For agricultural engineer Gonçalo Amarante Guimarães Pereira, of the Institute of Biology (IB) of Unicamp, startups such as PangeiaBiotech can play a key role in the development of the Brazilian sugar-energy sector, with a focus on the global biofuels market. “Small and agile, startups have great capacity to innovate,” he highlights.

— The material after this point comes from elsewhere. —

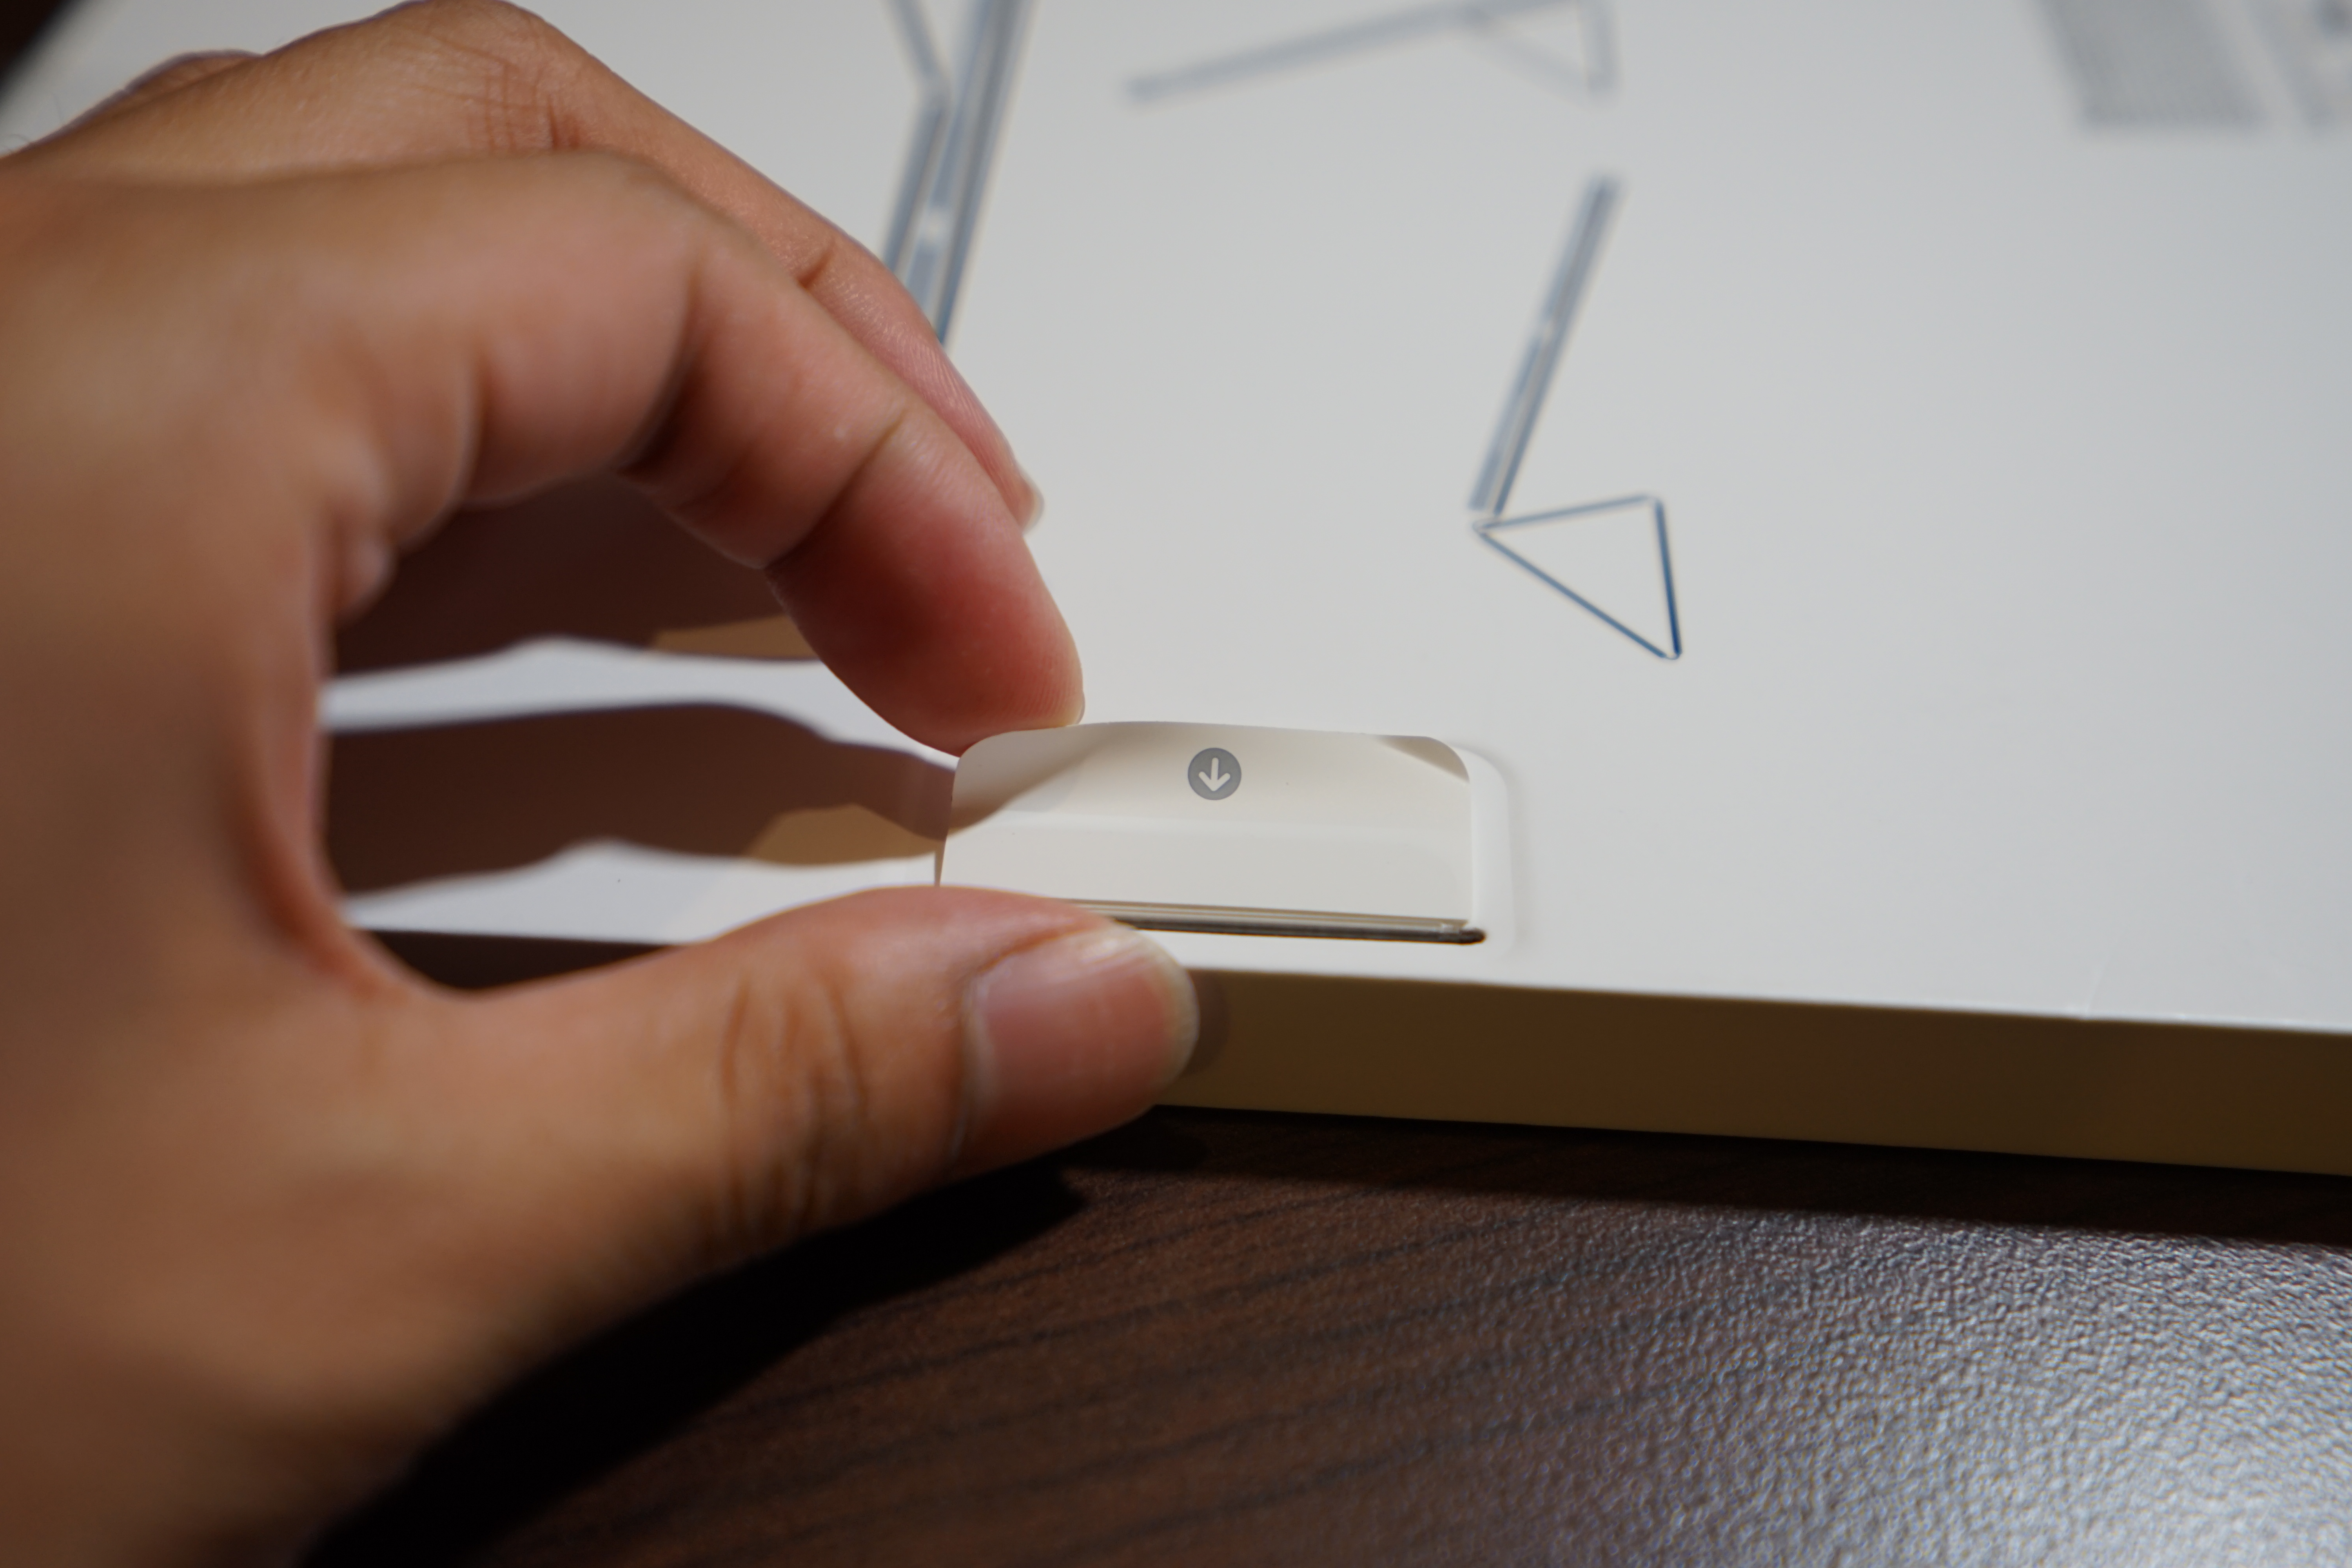 Apple Smart Folio Box Pull Tab

The challenges of sugarcane Coordinator of the Unicamp Genomics and Expression Laboratory since its creation in 1997 and chief scientist at GranBio between 2012 and 2016, Mr. Pereira notes that in recent years the genetic improvement of sugarcane has not ensured the leaps in productivity observed in other crops, such as corn, soybeans and wheat. “There is a limit to traditional genetic improvement,” he explains. “A new plant takes about 10 years to be produced, while a new variant of a microorganism capable of attacking it can appear in days.” With transgenics, Mr. Pereira says, it is possible to develop strains that are resistant — and therefore more productive — to new diseases in less time when compared to conventional genetic improvement work.
Though hundreds of varieties of sugarcane have been created according to different climate and soil conditions — of which about 20 dominate the market —productivity has remained more or less stable in recent years. PangeiaBiotech hopes to contribute to changing this scenario, a quarter of a century after the emergence of the first Bt varieties in North American corn and cotton crops.
There is a commercial and a scientific explanation for this delay, according to the researchers. Mr. Molinari, from Embrapa Agroenergia, says that sugarcane cultivation — while important to Brazil’s energy mix — does not represent a large enough market share to convince multinationals to invest in research. “Sugarcane cultivation is not global, its planting is restricted to the tropics. Against the giant markets of soy and wheat, it is small.”
The scientific justification stems from the complexity of the object of study itself. “The sugarcane genome is much more complex and extensive than that of other plants,” says biologist Michael dos Santos Brito, of the Institute of Science and Technology of the Federal University of São Paulo (Unifesp). Not by chance, it was only at the end of 2019 that the most complete sequencing of the plant genome was concluded: 373,869 genes were mapped, corresponding to 99.1 percent of the total.
The sequencing was the result of Fapesp’s Bioenergy Research Program (Bioen), launched in 2008 to stimulate bioenergy production in Brazil. It is also within the scope of Bioen that Mr. Brito is working on a project to identify and characterize new sugarcane promoters, DNA sequences responsible for regulating gene production. With this project, he intends to create a database that can be used for further research. “Sugarcane is not a simple plant; many resources are needed to research it. We need to take advantage of the know-how that we have developed until now and that puts us ahead of the whole world,” he says.